In the meantime, we found out that one of the moms on tour is REALLY claustrophobic. We barely had room to breathe in there, so she was trying hard to remain calm. So James and I were trying to distract her by telling stories about us, DreamSchool, puppies, ANYTHING! And everybody else in the elevator was helping too.

After ten (yes, TEN) minutes, we finally call the operator back. He tells us they're still working on it.

After fifteen (yes, FIFTEEN) minutes, we hear somebody banging on the outside of the elevator. A guy yells, "HEY, WE CAN'T GET YOU OUT SO WE CALLED THE FIRE DEPARTMENT."

Oh good, great. Thanks.

After twenty (TWENTY) minutes, we called the operator AGAIN, and were told that the fire department was stuck in traffic and wouldn't be there for "a while." The poor woman with claustrophobia was really having a hard time, so one of the moms called 911 on her cell phone and demanded that we get let out immediately, somehow, but NOW.

After twenty-five (TWENTY-FIVE) minutes that felt like an hour, one of the dads suggested we pry the doors open. We didn't know where we were in the building, but we decided to give it a try. Three guys were able to pry open the first set of elevator doors, but we were greeted with two concrete doors.

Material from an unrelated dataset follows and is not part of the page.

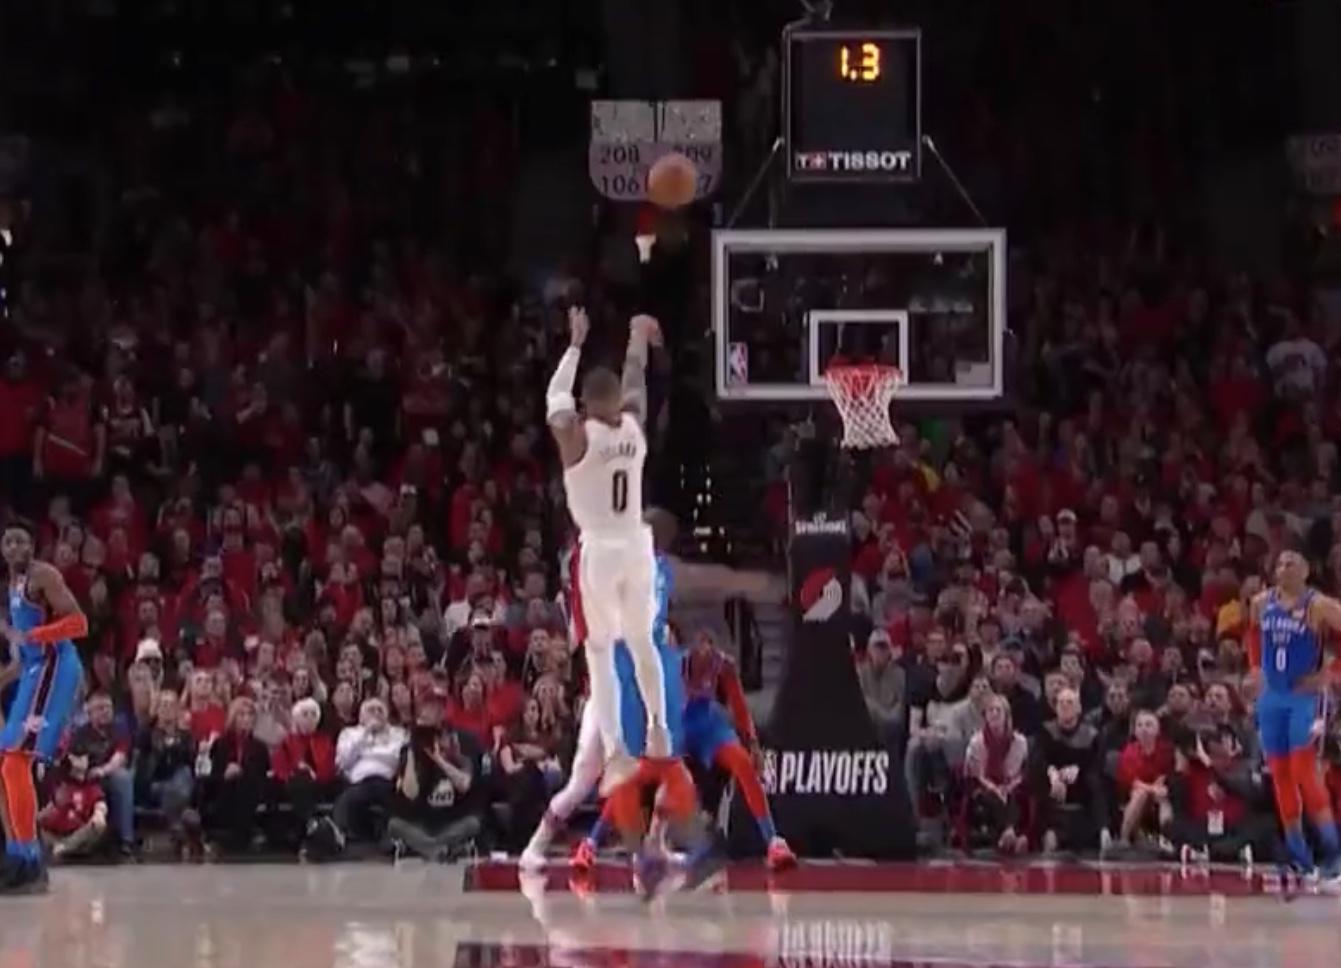 灯亮球进!利拉德第三节最后一攻连续变向后撤步压哨三分 NBA新闻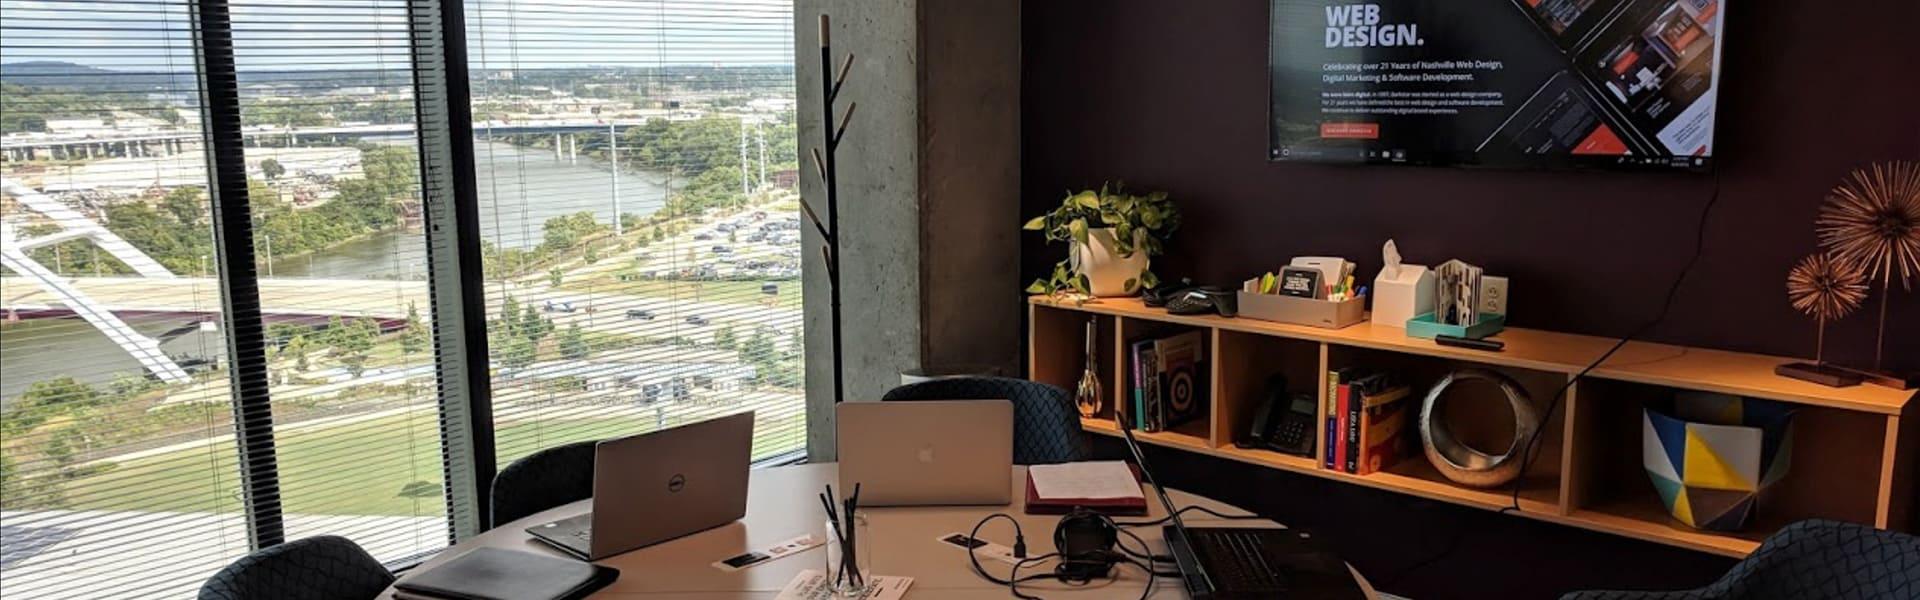 Digital Services at Darkstar Design Nashville TN

After some pushing and shoving and grabbing various levers, the guys FINALLY got the second doors open. We were down halfway below the basement--we had to crawl up out of the elevator and into the basement. But we were out.

James and I apologized sixteen million times...we were both so embarrassed, but there was nothing we could do. James was late to a class of his, so he took the people who wanted to leave back to the visitor's center and went to his class. I, meanwhile, had to finish the tour alone. We didn't want to take the elevator so we walked up 9 flights up stairs, talked about the area, and walked all the way back down to the first floor, and the tour was over.

It was about then that the adrenaline started to wear down. I was shaking from the rush and utterly exhausted from everything. It was pretty crazy, let me just tell you that. Now, several hours later it's like it never happened--like it was a weird bad dream.

I will say this: NO MORE LARGE GROUPS IN ELEVATORS FOR ME, that's for sure!

Edited to add: My mom asked how far the elevator actually sunk--6.5 floors.

I'm not gonna brag, but...

Dennis Quaid *totally* called my office today. I didn't get to speak with him, but...

I *might* get to take him out on tour. Also, she's not too famous, but...

I got to cover *Project Runway* WINNER Leanne Marshall during a press conference last night, and...she's adorable.

That's all.

3.22.2009

Twenty-twelve

I met up with a bloggy friend this afternoon today (and her baby boy, who is just about the most delicious baby I've ever laid eyes on).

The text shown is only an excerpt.